Hope it is clear by now. Check this and the other examples.

How to use it

The actual access to a XLSX notebook is delegated to an external library, through a so-called accessor, and there is currently one implementation, based on xlsx-populate library. Check the API to see how a custom one can be implemented.

Considering the existing accessor implementation, the use of xlsx-datafill is quite simple:

// Open the notebook and create the accessor for it
const wb = await XlsxPopulate.fromFileAsync(path);
const xlsxAccess = new XlsxPopulateAccess(wb, XlsxPopulate);

// Create an instance of XlsxDataFill and provide custom
// options.
const dataFill = new XlsxDataFill(xlsxAccess, { 
  callbacksMap: ... // Some custom handlers.
});
  
// Make the actual processing of `data`.
dataFill.fillData(data);

// The data in populated inside the `wb`, so it can be used.
wb.workbook().toFileAsync(...);

Note: The template definitions are overwritten by the actual data, so don’t expect to be able to run fillData() with different data.

Check the template options section for more information on how to configure the XlsxDataFill instance.

Refer to the examples folder, as well as to the API documentation for more and deeper documentation.

The general format of each template is like follows:

{{ <reference cell>
 | <iterators>
 | <extractor>
 | <padding>
 | <styling> }}

Both the surrounding {{mustache}} brackets, and the | separator symbol are configurable, via XlsxDataFill constructor’s options.

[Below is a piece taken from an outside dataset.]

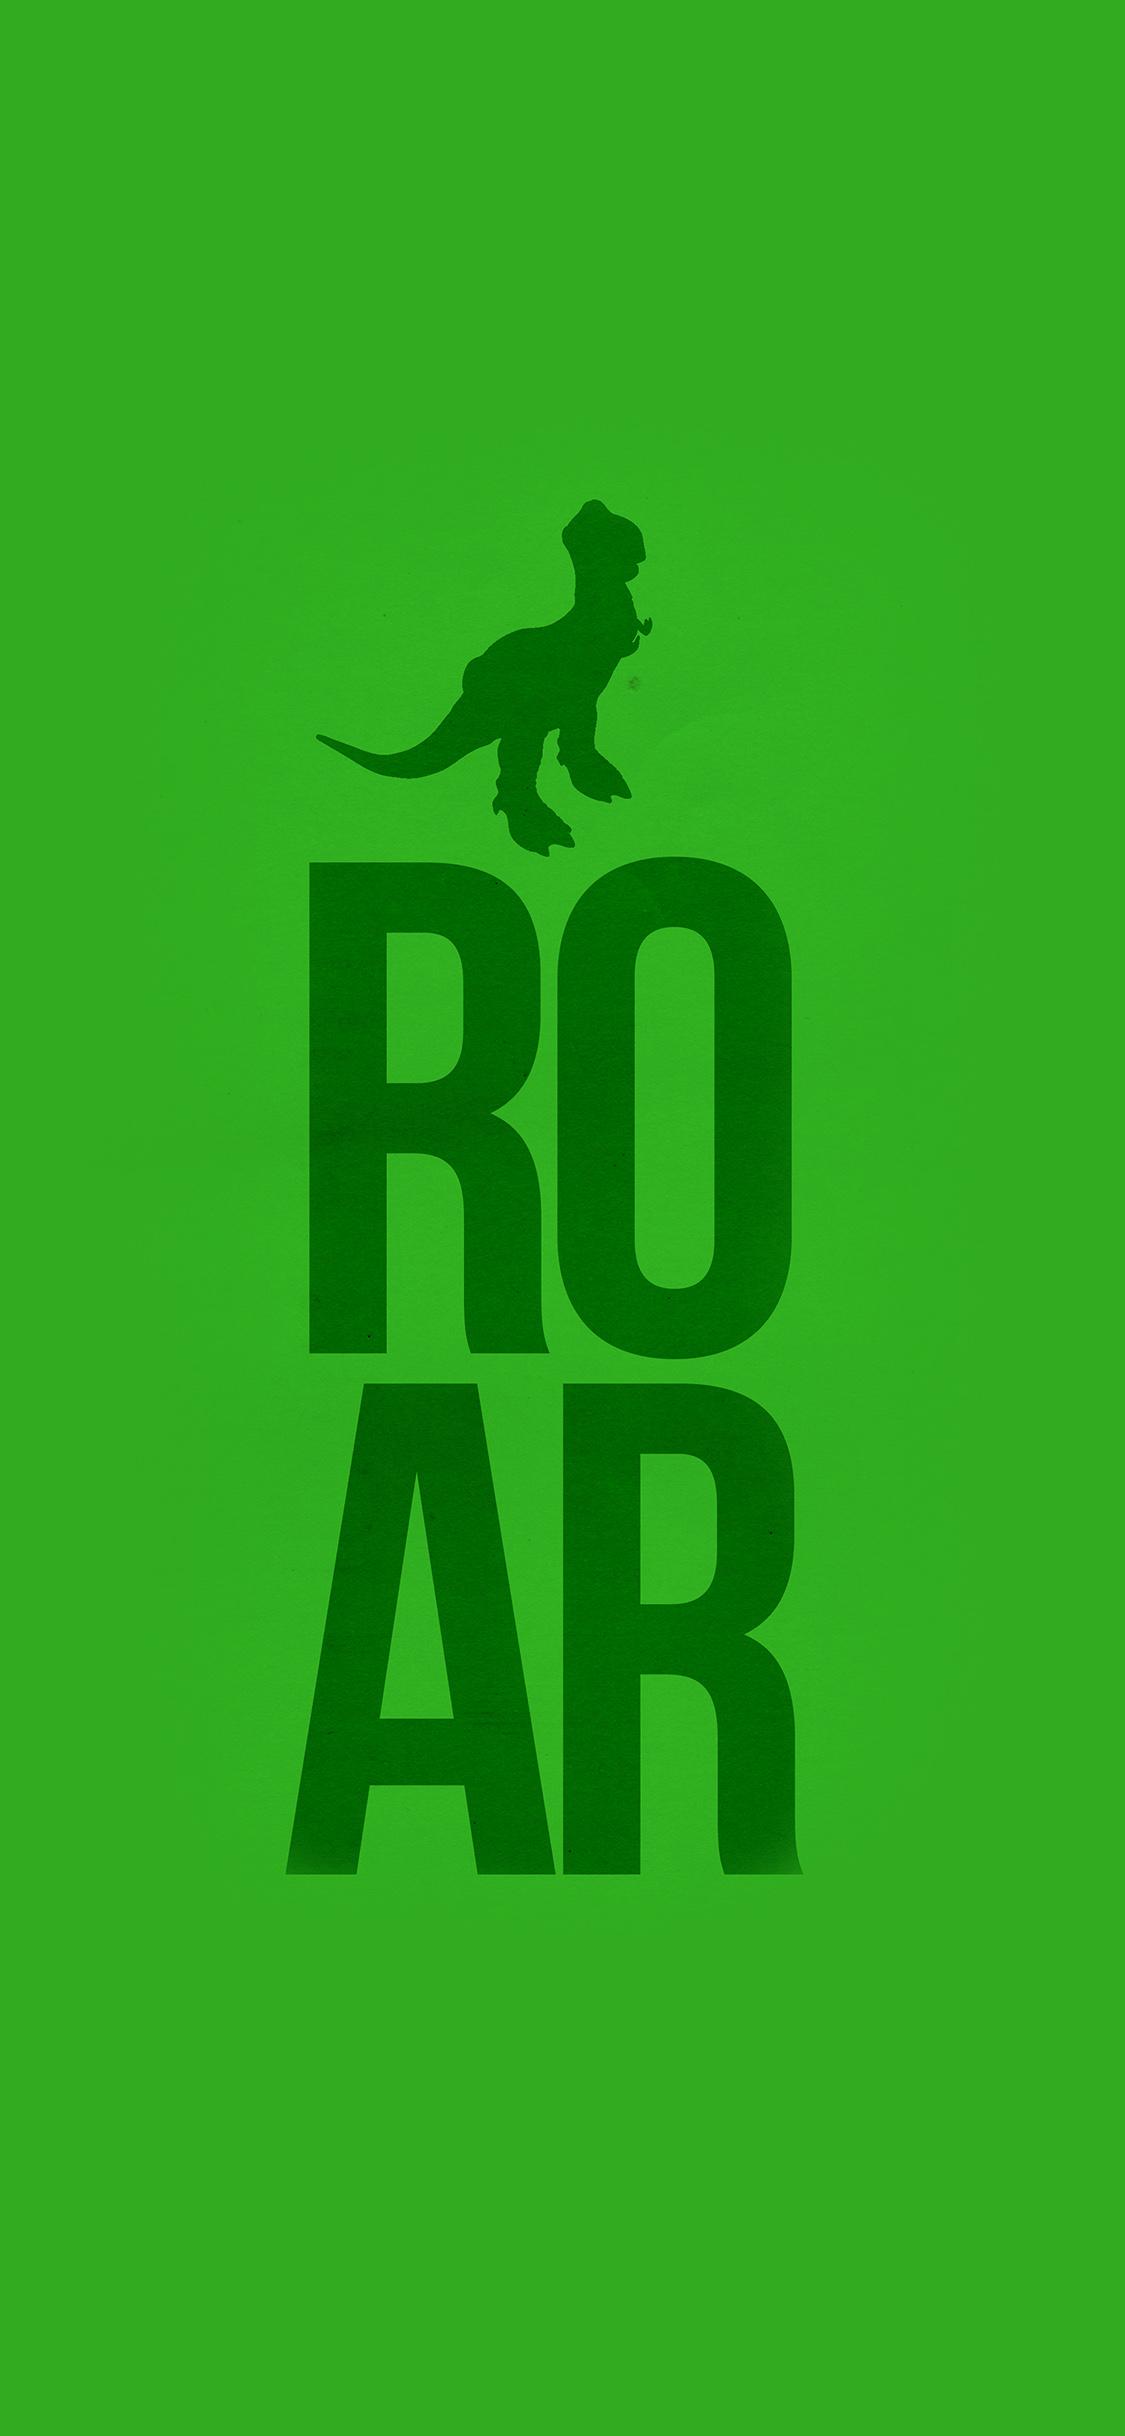 Iphonexpapers Com Iphone X Wallpaper Au61 Roar Toystory Green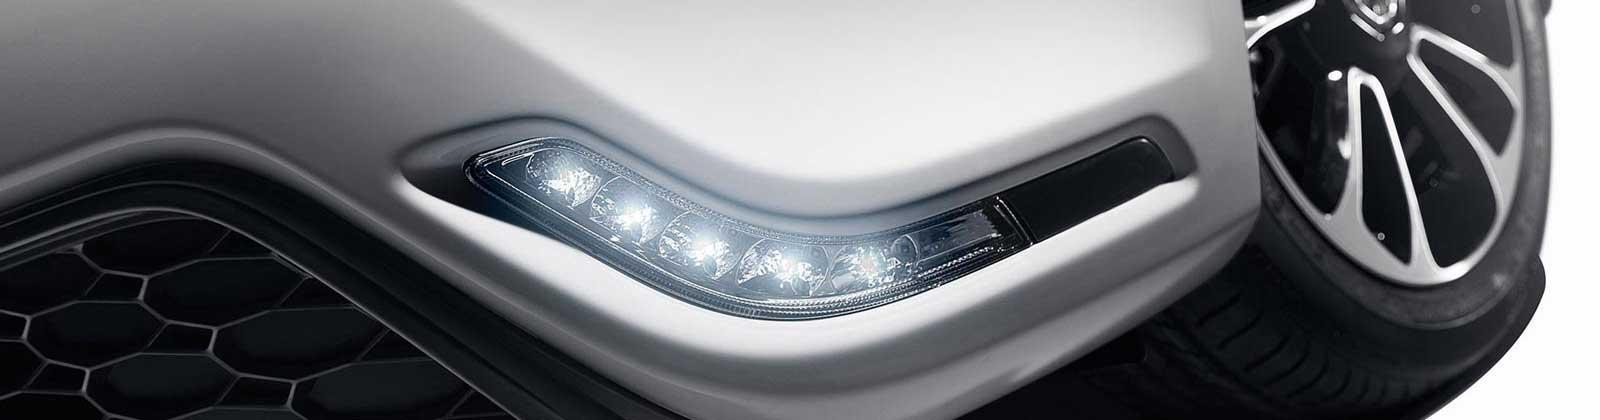 MG MG3 LED daytime running lights

The meaning of each field is:

Field Meaning
reference The address of a cell, to be used as a reference for data extraction. If empty - the provided object’s root is considered. In both cases this is referred as template data root in the rest of the description.
iterators JSON paths, determining how the data should be extracted from the template data root, and it follows the form
<row data path> * <column data path>.
The <row path> is applied on the template data root, while the <col path works on the result of <row path> extraction. If one needs the data to grow vertically (i.e. only as a column), the form 1 * <col path> is allowed, in which case <col path> works directly on the template data root.
Can be empty, if the template data root itself should be used.
extractor A JSON path, determining how the value that needs to be written in the cell(s) should be extracted from the data, provided by the iterators.
Can be omitted, in which case the iterators’ provided data is taken as a whole.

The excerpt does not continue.